Сержант вскинул на отца Киприана глаза, уколол его осуждающим взглядом, тут же отвернулся.
– Не знаю, что ищет святой отец с вами… Мужицкой воле я бы послужил. Очень бы даже охотно… Сам из пахотных мужиков вышел. Да не очень похож ты, атаман, на мужицкого заступника! Зачем не пощадил ты раненых солдат, повелел в воду кинуть? И этих работных, знаю, велишь под корень побить, чтобы о тебе не было нигде слухов!
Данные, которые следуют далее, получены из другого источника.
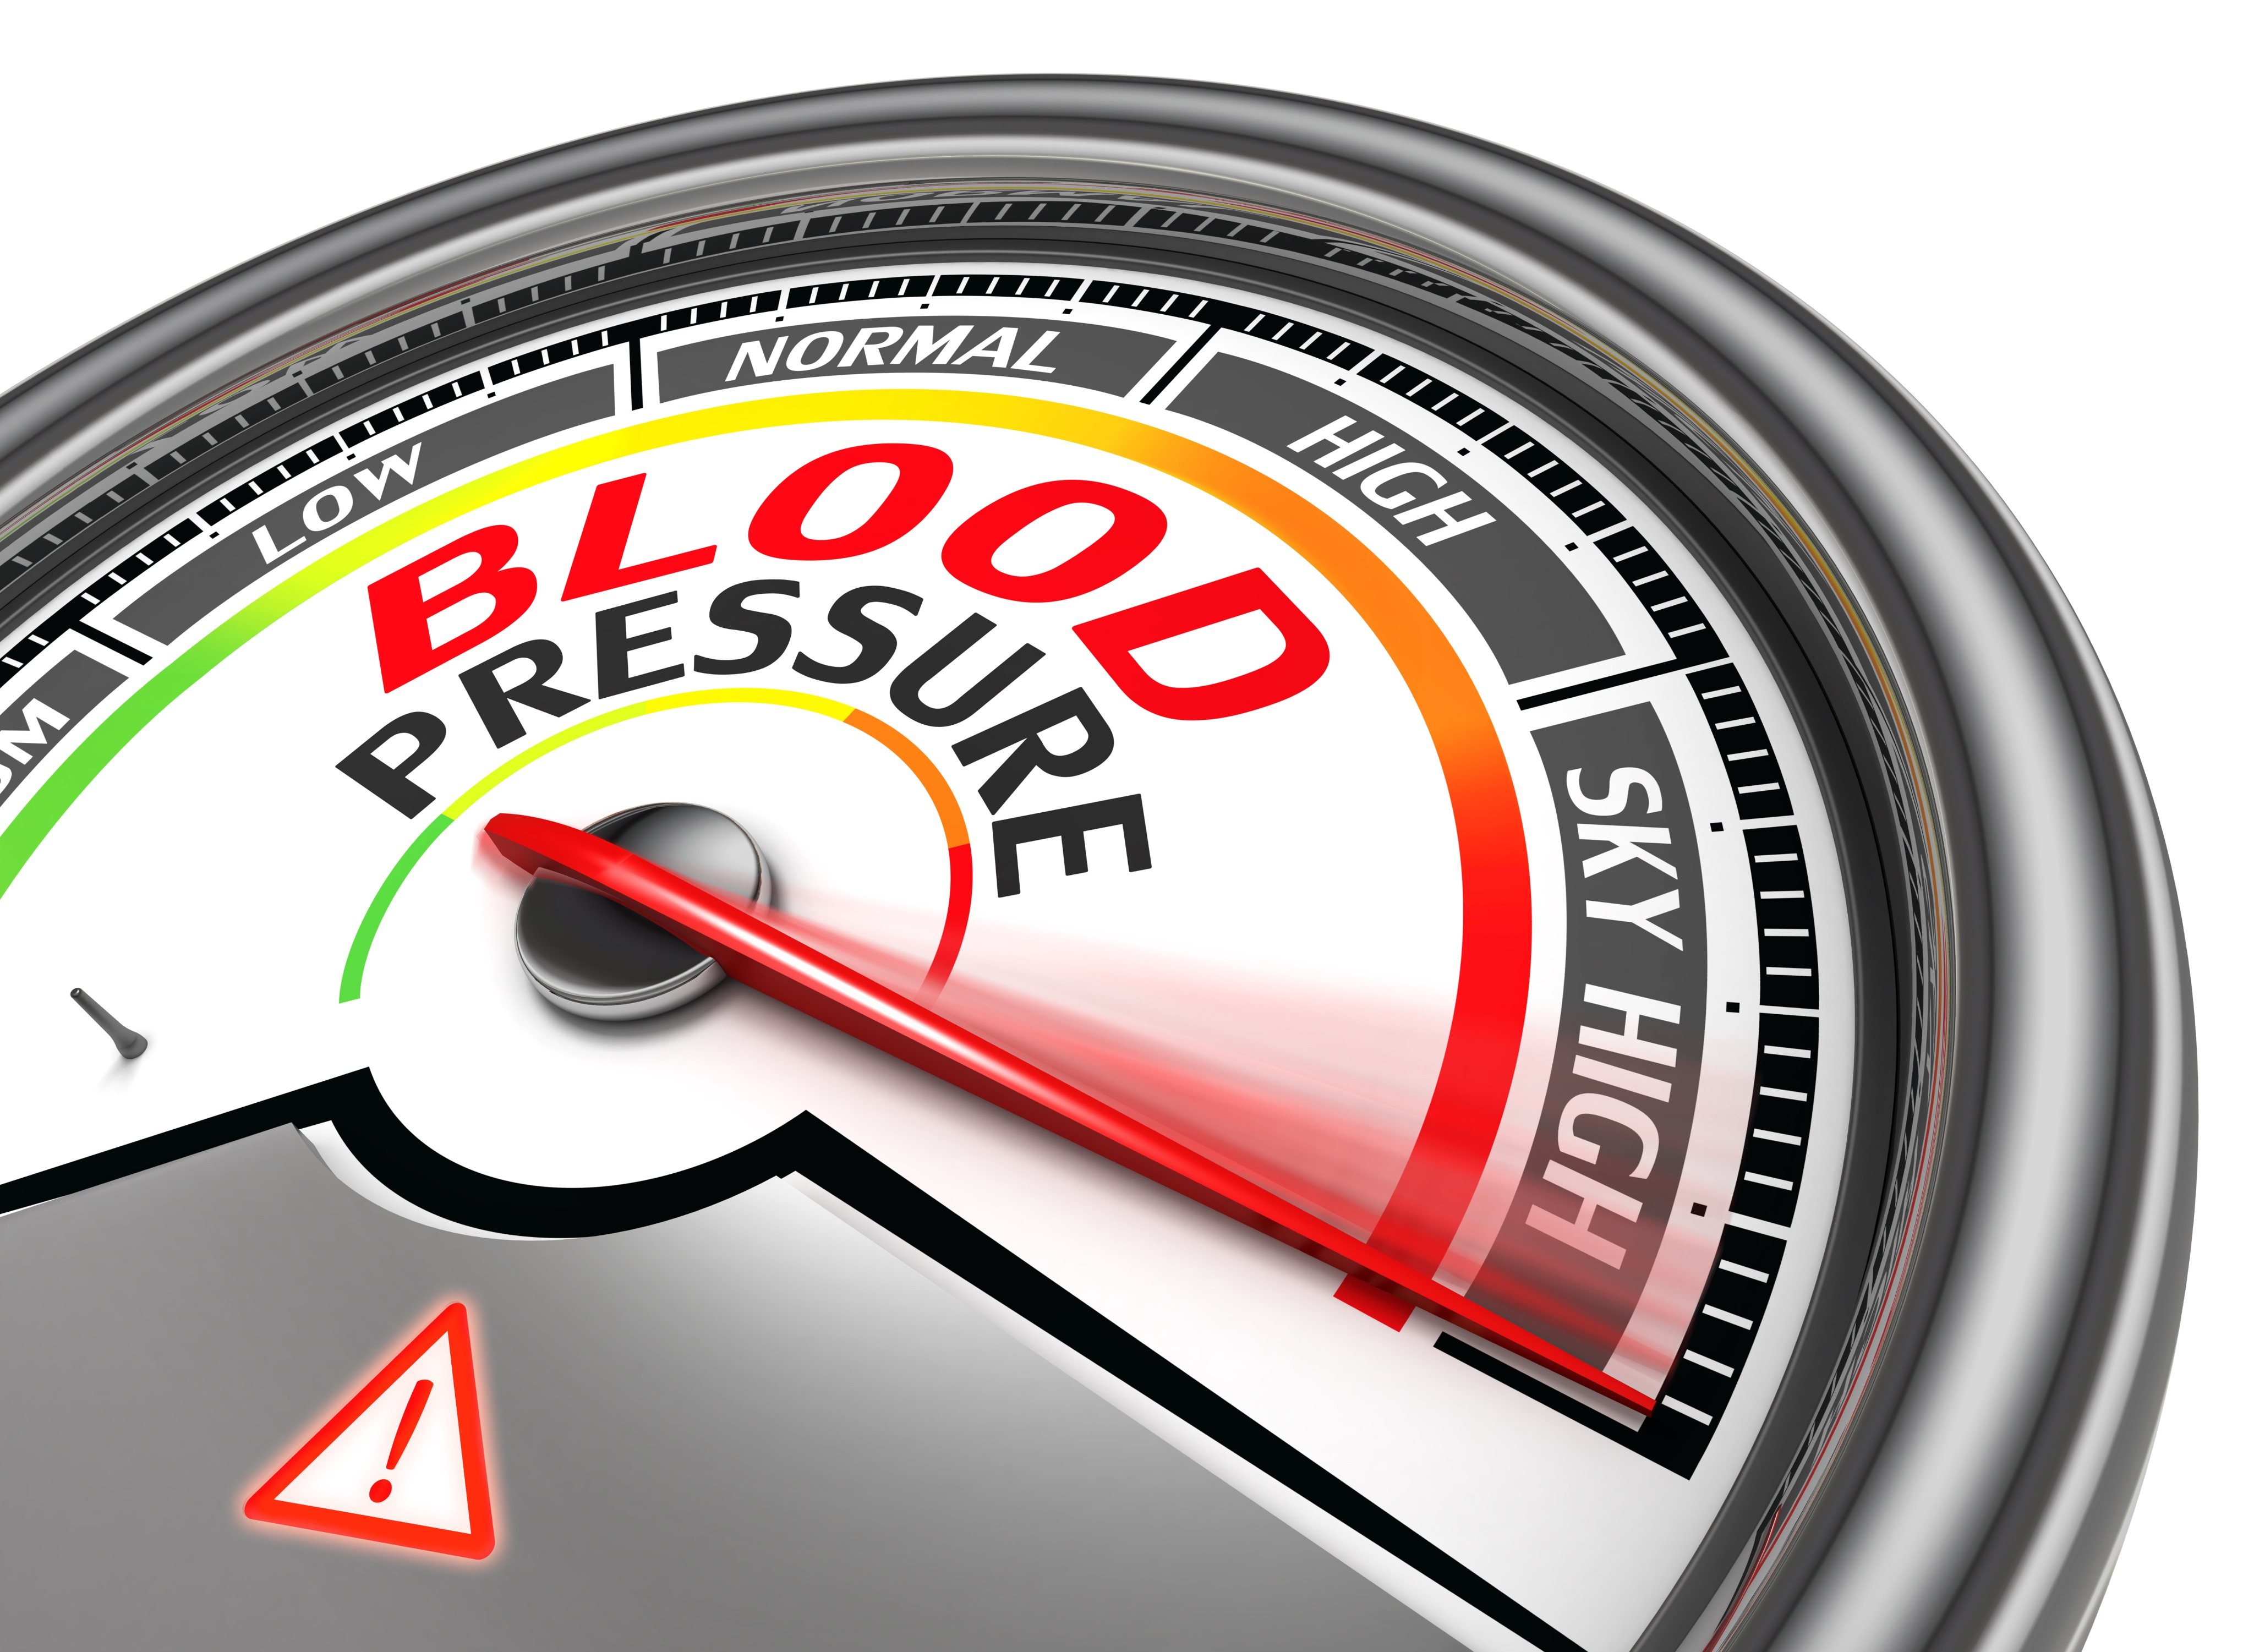 magas vérnyomás қazaқsha

Душегуб ты!
– А твои братья-драгуны щадили моих односельцев в Ромоданове? – криком на крик ответил Гурий и зло кинул саблю в ножны. – Ну и черт с тобой! Служи своему поручику и на том свете! Оно и верно – не гоже барину без лакея в дальнюю дорогу снаряжаться!
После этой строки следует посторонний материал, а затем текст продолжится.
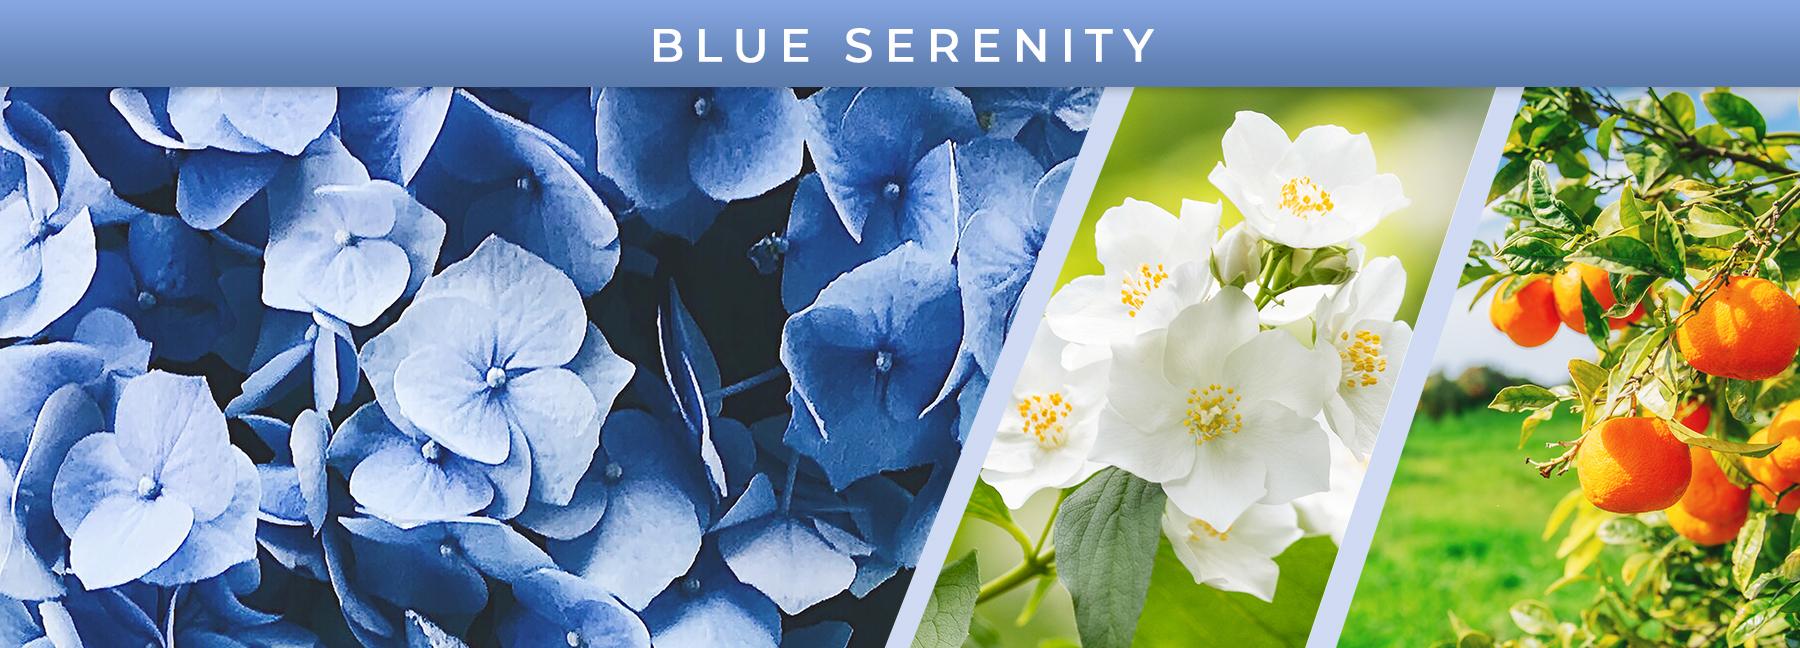 Blue Serenity™ fragrance elements

Ватажники навьючили двух лошадей фуражом, огнеприпасами.
– Пушку на руках снесите от берега, чтобы колесами следа не оставить. За откосом коней впрягите! – крикнул Чубук с барки.
Сошли на песок перепуганные гребцы – они слышали разговор атамана с офицером, страшились, ожидая своей участи.
Гурий чуть приметно улыбался, видя их напряженное состояние. Он позволил им взять с собой провиант.
– Отмахали вы свое на веслах, теперь вам от меня воля. Ступайте по домам, Игнат выдаст вам прогонных втрое против платы от казны. А кто хочет примкнуть к нашей молодецкой ватаге и сообща искать мужицкое счастливое царство Беловодье, милости просим, назовем своими побратимами.
Четверо бобылей хлопнулись коленями в песок.
– Верстай нас в свою братию, атаман! – выкрикнул за всех рослый и долголицый парень с большой отвислой родинкой – будто серьга – под левым ухом. – Когда у нищего ничего нет, то и жалеть ему не о чем, а о Беловодье наслышаны, пойдем туда с великой радостию.
Гурий Чубук запустил крепкие пальцы в бороду, покомкал ее: из тридцати гребцов согласились остаться в ватаге лишь эти четверо. А он рассчитывал хотя бы на десяток молодых работных, чтобы покрыть потери, понесенные при взятии барки. Во взгляде, который он кинул на отца Киприана, монах уловил молчаливую просьбу уговорить мужиков пойти с ними.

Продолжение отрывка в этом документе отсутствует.